Nope, that is not at all how it went. No blacksmiths, not related to the Knights who say 'Ni!' - who have nothing scholarly about them, they wanted a shrubbery and demanded another one when their wish was fulfilled. It was the Bridgekeeper - not related to the aforementioned knights - who asked 3 questions and would throw anyone who could not answer all three into the chasm. When he asked Arthur - played by Cleese - the question about the airspeed of the swallow he asked the Bridgekeeper whether he meant an African or European swallow. The Bridgekeeper did not have an answer and was thrown into the chasm, problem solved.
However, in reality, swallows are not typically "unladen" in flight. They are small birds that fly at relatively fast speeds, usually around 10-15 km/h (6-9 mph), but they are not usually carrying any burdens!
Needless LLM-blabber.
The "airspeed velocity of an unladen swallow" has become a meme and a cultural reference point, often used humorously or ironically to refer to situations where someone is trying to make an absurd or non-sensical argument or ask an absurd question.
Somewhat correct but not necessary in this context.
The correct answer to the question would have been Do you mean an African or European swallow? followed by a short reference to the movie.
Of course this demo is not about the accuracy of the model - 'an old Llama' as mentioned elsewhere in this thread - but it does show that speed isn't everything. For generating LLM-slop this hardware implementation probably offers an unbeatable price/performance ratio but it remains to be seen if it can be combined with larger and less hallucination-prone models.
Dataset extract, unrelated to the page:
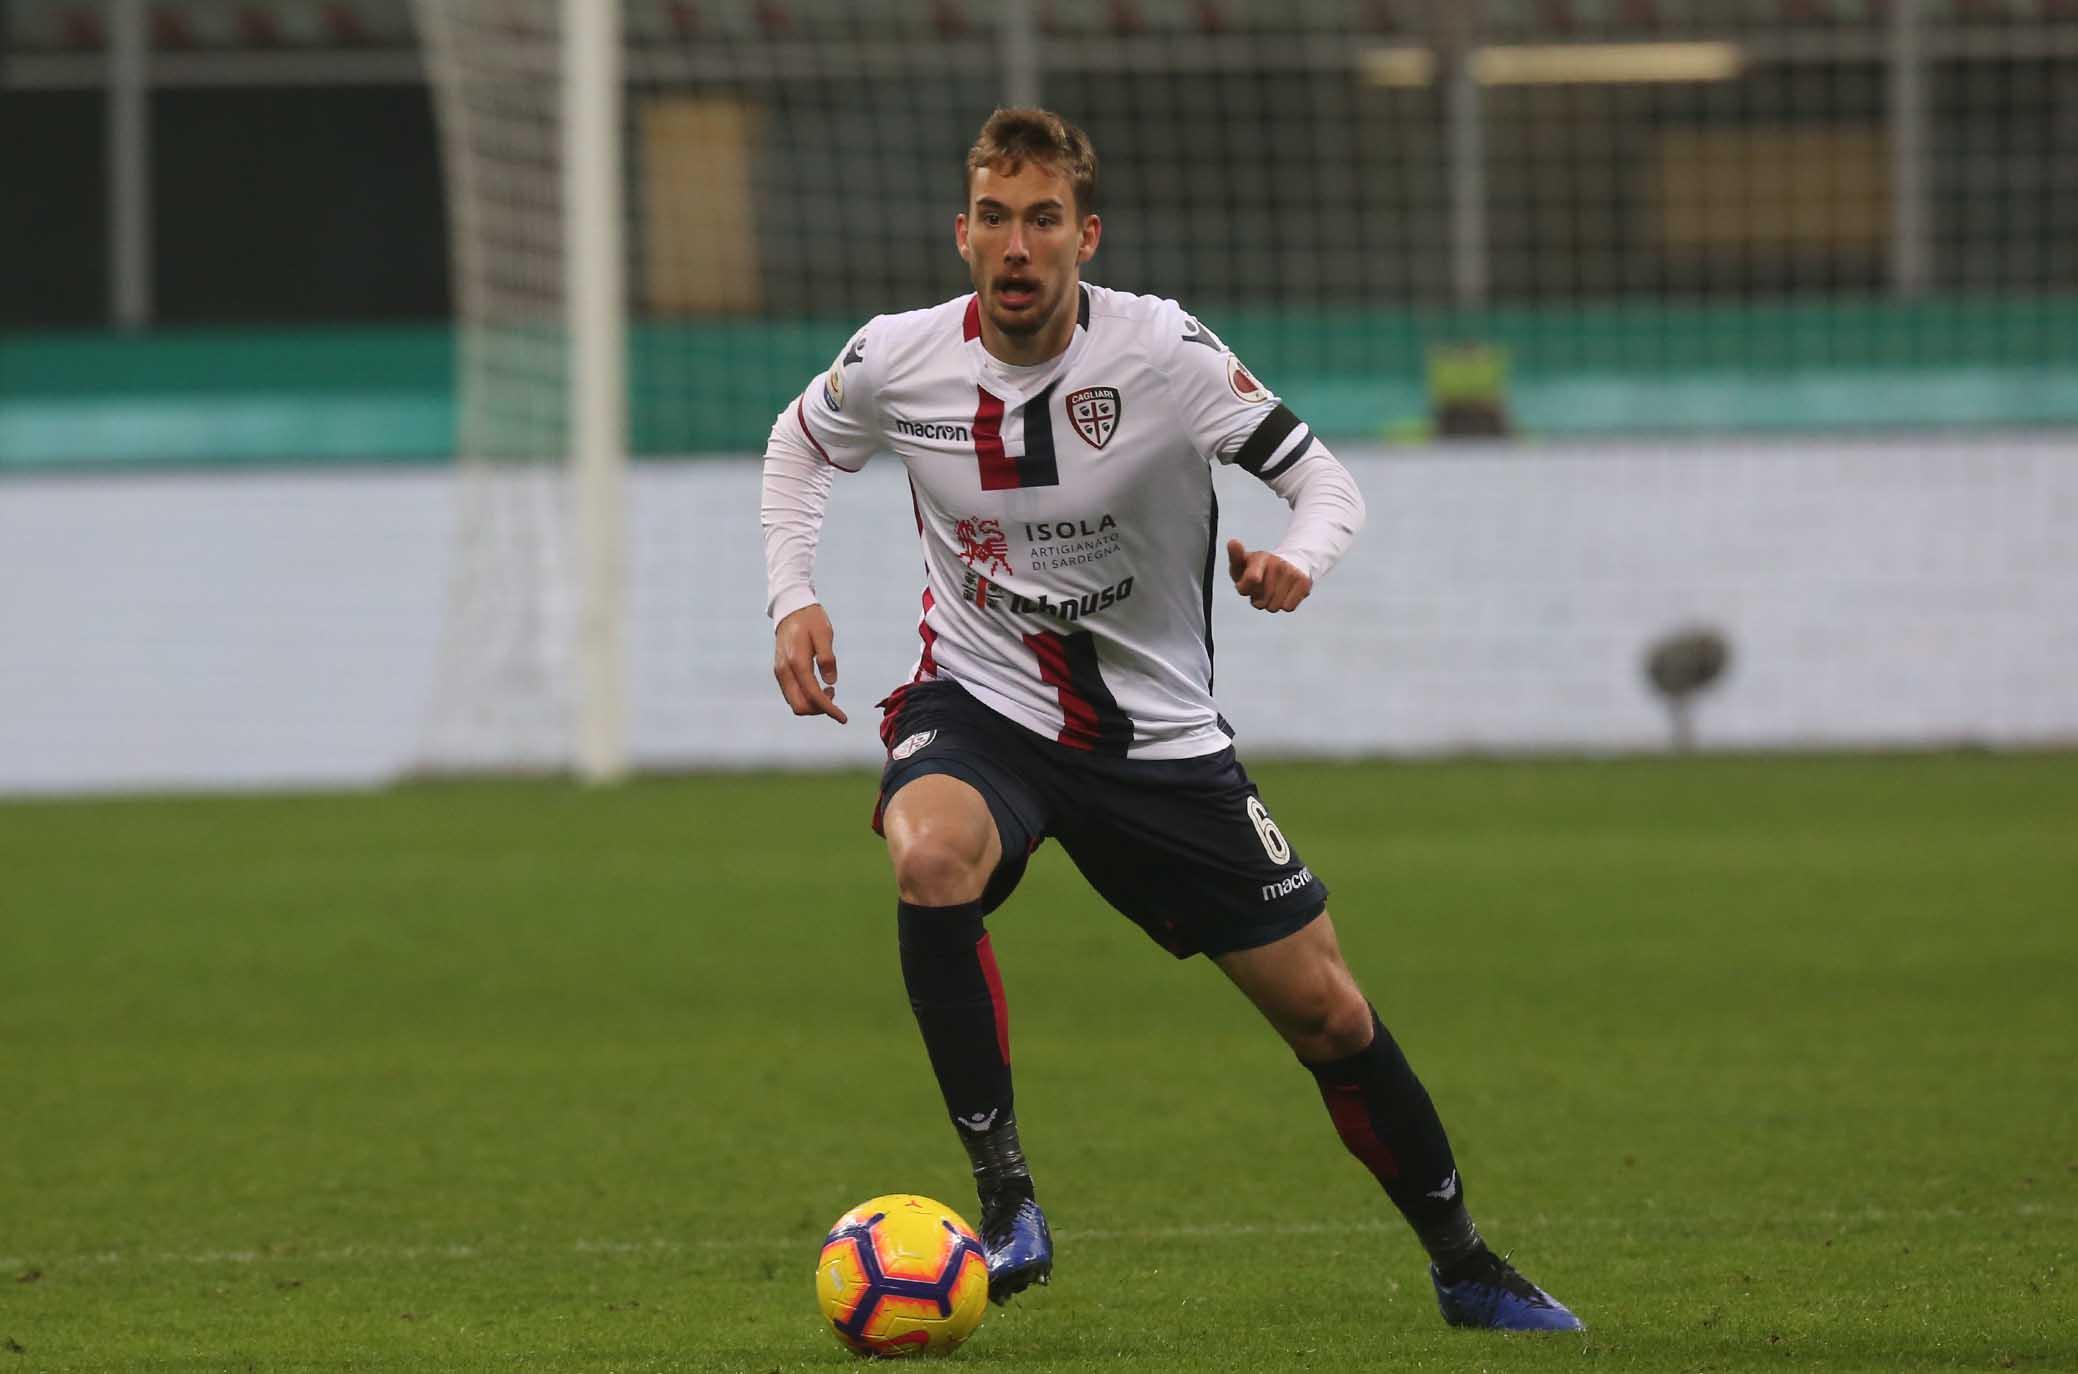 Nainggolan Cagliari, accordo vicino con l'Inter: cifre e dettagli

An LLM's effective lifespan is a few months (ie the amount of time it is considered top-tier), it wouldn't make sense for a user to purchase something that would be superseded in a couple of months.
An LLM hosting service however, where it would operate 24/7, would be able to make up for the investment.
I know it's not a resonating model, but I keep pushing it and eventually it gave me this as part of it's output
888 + 88 + 88 + 8 + 8 = 1060, too high... 8888 + 8 = 10000, too high... 888 + 8 + 8 +ąøąø£ąø°ąø 8 = 1000,ąøąø£ąø°ąø
I googled the strange symbol, it seems to mean Set in thai?